Make sure the year is correct, you might want to include some code to keep the year updated.

If you have multiple pages, add a basic sitemap. This is the most common link found in footers which links to the HTML version of the sitemap. These links are rarely clicked by visitors, but like the XML sitemap, they may help search engines find things.

If you store user data, include our privacy policy. This is the second most common element in footer design. It typically links to a page explaining what information the website collects, how it’s stored and how it might be used. For most websites, it’s about tracking (Analytics and remarketing), form submissions and email signups.

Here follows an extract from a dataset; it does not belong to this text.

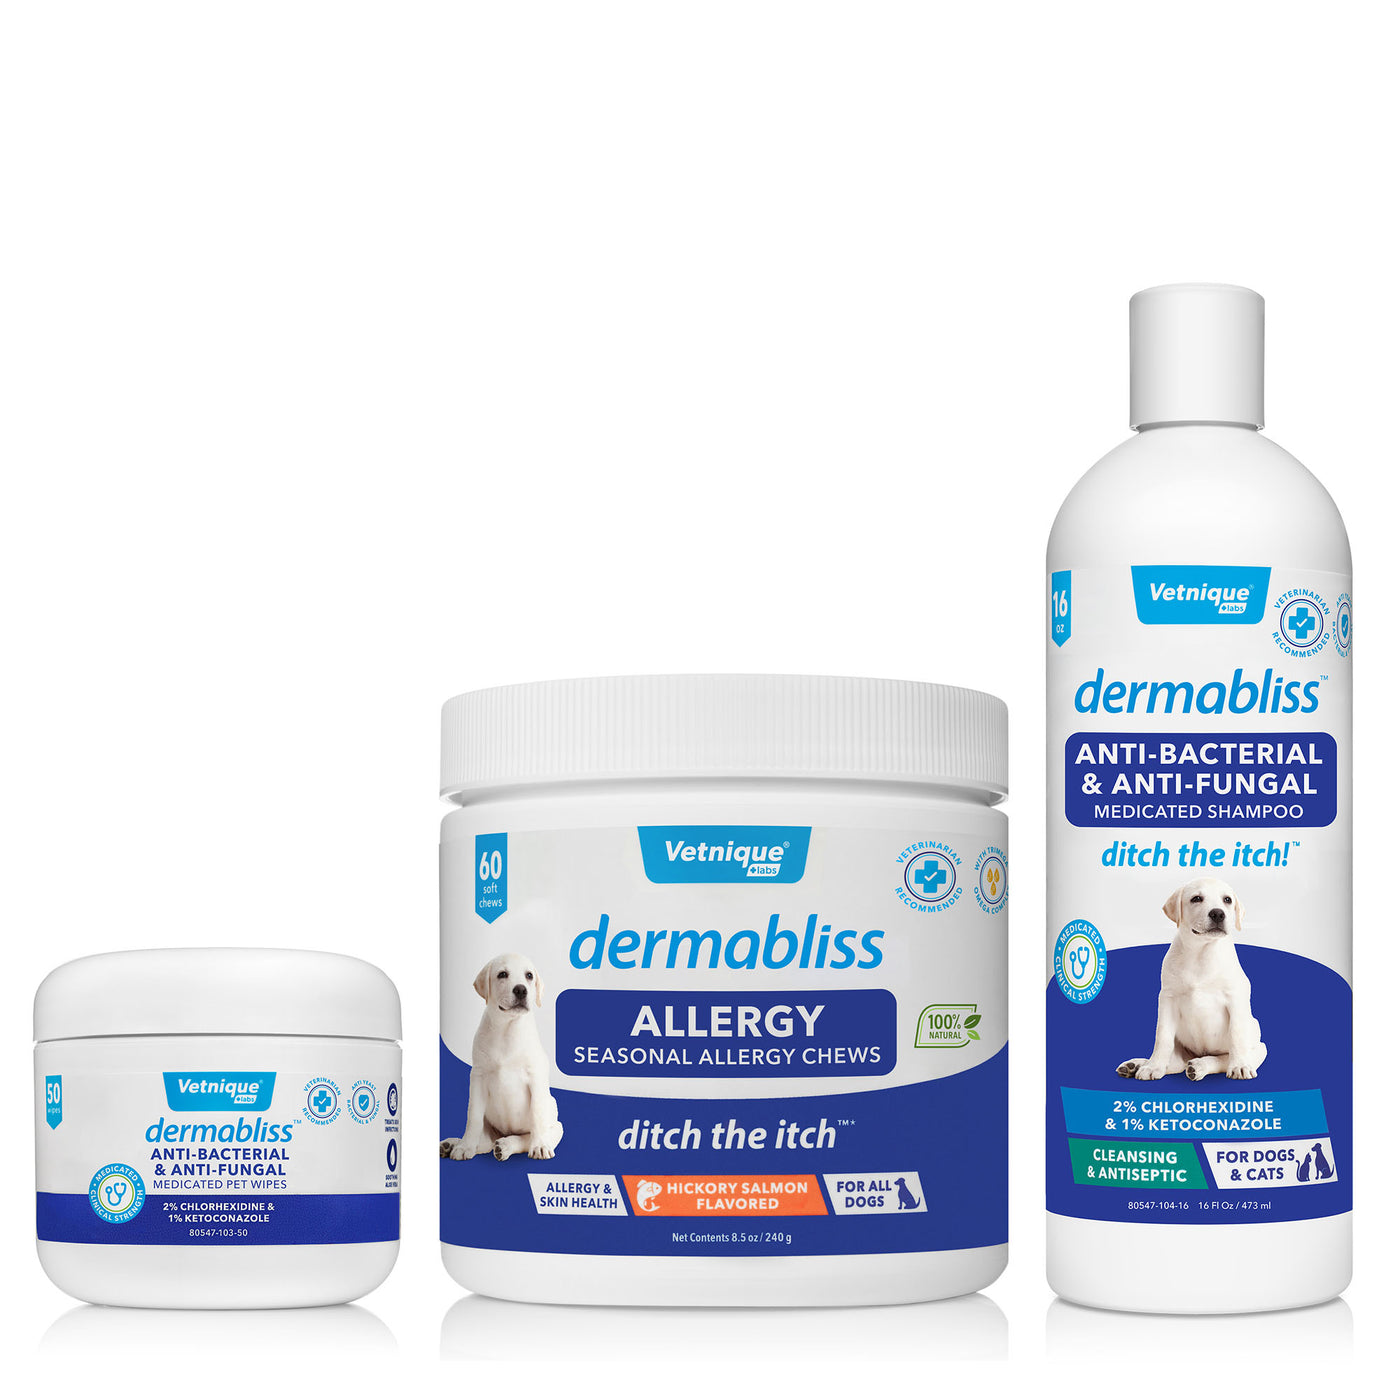 Dermabliss™ Seasonal Allergy Bundle - Save 15%!

Plenty of privacy policy generators exists on the web like: TermsFeed or FreePrivacyPolicy.com

Include a terms of use if you have one. The “terms of use” are a bit different from privacy. They explain what the visitor agrees to by visiting the website. Like a disclaimer, they state that by using the site, the visitor agrees to certain things. For websites in highly regulated industries, you may want to put the text right in the footer. If legal text is critical, adding it to your footer will make sure that you have maximum coverage. You’ve got the fine print on every page.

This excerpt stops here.